G. Sistematika Penulisan

  Untuk memudahkan penulisan skripsi ini, maka diperlukan adanya penulisan yang teratur, yang terbagi dalam lima bab yang saling berkaitan satu sama lain.

  Adapun sistematika penulisan skripsi ini adalah sebagai berikut: 22 Soerjono Soekanto dan Sri Mamudji, Penelitian Hukum Normatif: Suatu Tinjauan Singkat, (Jakarta: PT. Raja Grafindo Persada, 2006), hal. 13.

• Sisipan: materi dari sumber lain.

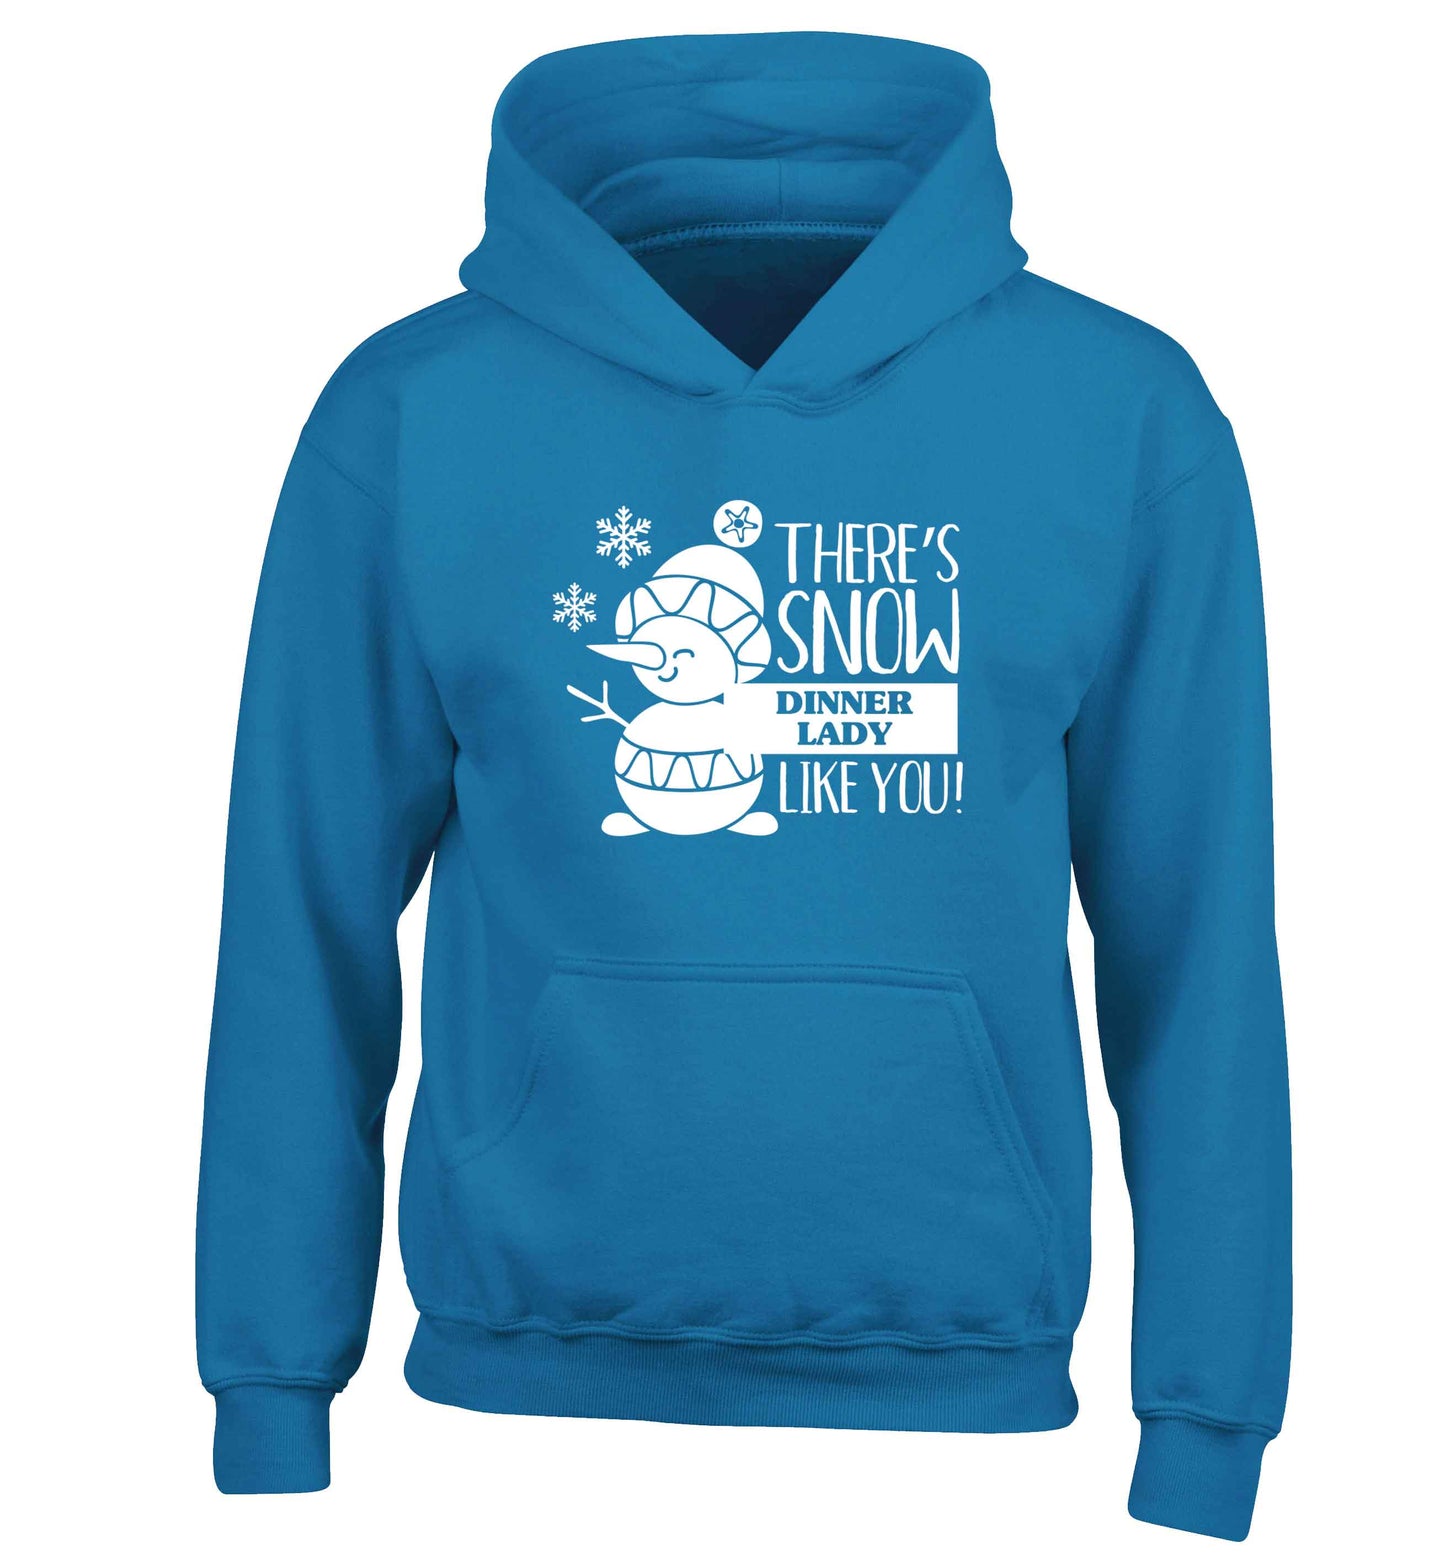 There's snow dinner lady like you children's blue hoodie 12-13 Years

  BAB I : Bab ini merupakan bab pendahuluan yang isinya antara lain memuat latar belakang, pokok permasalahan, tujuan dan manfaat penulisan, keaslian penulisan, tinjauan kepustakaan, metode penulisan dan sistematika penulisan.

  BAB II : Bab ini akan menguraikan pokok-pokok pengaturan penanaman modal langsung (direct investment) di Indonesia. Seperti; pengertian, bentuk-bentuk dan manfaat penanaman modal langsung, asas dan tujuan penanaman modal langsung, bidang usaha, perizinan, fasilitas, hak dan kewajiban, serta penyelesaian sengketa.

  BAB III : Bab ini akan menjabarkan kebijakan Daftar Negatif Investasi (DNI) di Indonesia, seperti: dasar hukum dan perkembangan, Daftar Negatif Investasi, serta penerapannya di bidang pasar modal.

  BAB IV : Bab ini akan menguraikan hubungan antara kebijakan Daftar Negatif Investasi dengan kesepakatan-kesepakatan perdagangan internasional yang ada dalam Worl Trade Organization (WTO). BAB V : Bab ini merupakan bab terakhir, yaitu sebagai bab penutup yang berisi kesimpulan dan saran-saran mengenai permasalahan yang telah dibahas.